5. Memberikan Suplemen Gizi (Kapsul Vitamin A Pada Balita)

Suplemen adalah kombinasi dua atau lebih vitamin dan zat mineral yang dibutuhkan oleh tubuh. Suplemen dapat berupa gabungan dari berbagai macam vitamin atau zat lain seperti asam amino. Jenis suplemen tunggal bisa terdiri dari kalsium, zinc, vitamin, asam folat, dan lain-lain. Suplemen tidak diperlukan selama pengolahan makanan menerapkan pola gizi seimbang. Asupan gizi paling bagus adalah dari makanan (Yokozu, 2009 dalam Damanik, 2011).

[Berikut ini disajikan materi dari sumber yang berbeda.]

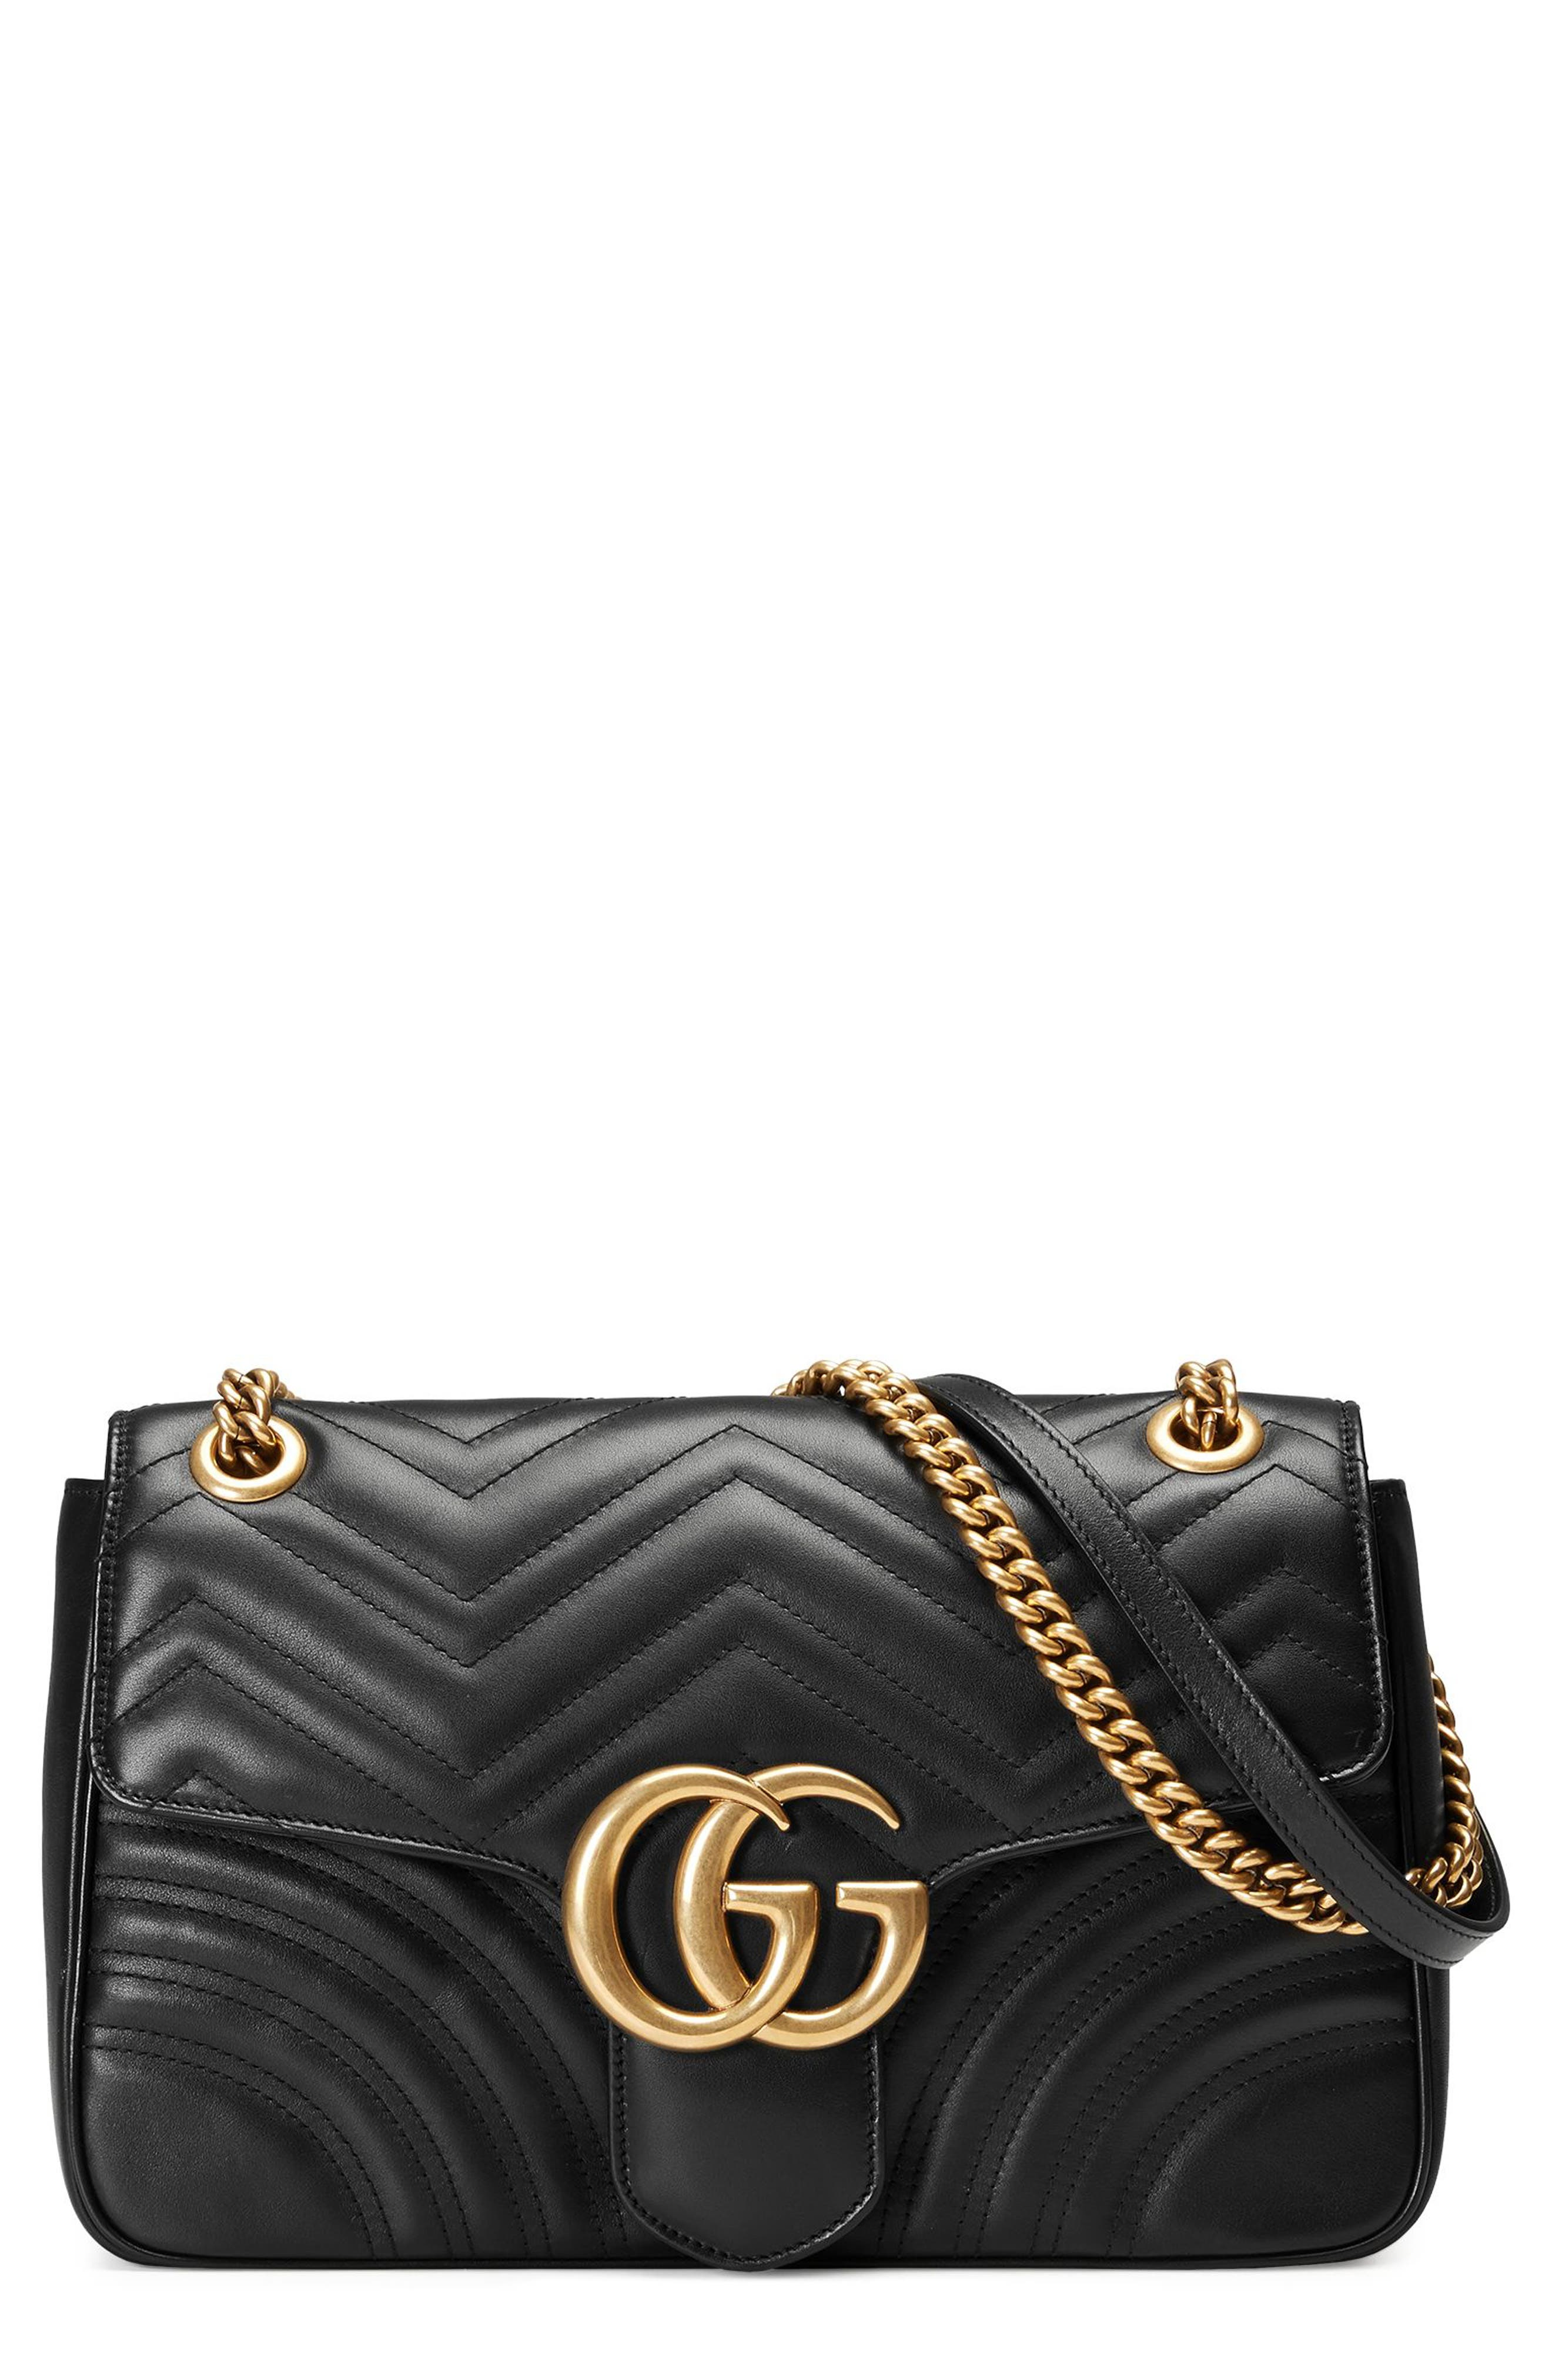 Gucci Medium GG Marmont 2.0 Tricolor Matelassé Leather Shoulder Bag

Vitamin A merupakan zat gizi yang penting (essensial) bagi manusia, karena zat gizi ini tidak dapat dibuat oleh tubuh, sehingga harus dipenuhi dari luar. Sumber vitamin A yang berasal dari bahan pangan adalah hati, kuning telur, susu (di dalam lemaknya), mentega, sayuran berwarna hijau tua dan buah-buahan yang berwarna kuning jingga, seperti daun singkong, daun kacang, bayam, kacang panjang, wortel, tomat, jagung kuning, pepaya, mangga, dan jeruk (Almatsier, 2009).

Kurang Vitamin A (KVA) pada bayi dan anak balita dapat menurunkan daya tahan tubuh, meningkatkan resiko kebutaan, meningkatkan resiko kesakitan dan meningkatkan resiko anak terhadap penyakit infeksi seperti saluran pernafasan dan diare, meningkatkan angka kematian karena campak, serta menyebabkan keterlambatan pertumbuhan (Almatsier, 2009).

Untuk memenuhi kebutuhan vitamin A pada bayi dan balita diperlukan penambahan kapsul vitamin A yang diberikan pada bulan Februari dan Agustus yaitu dengan pemberian vitamin A dosis tinggi 100.000 SI (kapsul biru) untuk balita umur

6-11 bulan dan vitamin A dosis tinggi 200.000 SI (kapsul merah) untuk balita umur 12-59 bulan yang dapat diperoleh di posyandu maupun di puskesmas (Depkes RI, 2007).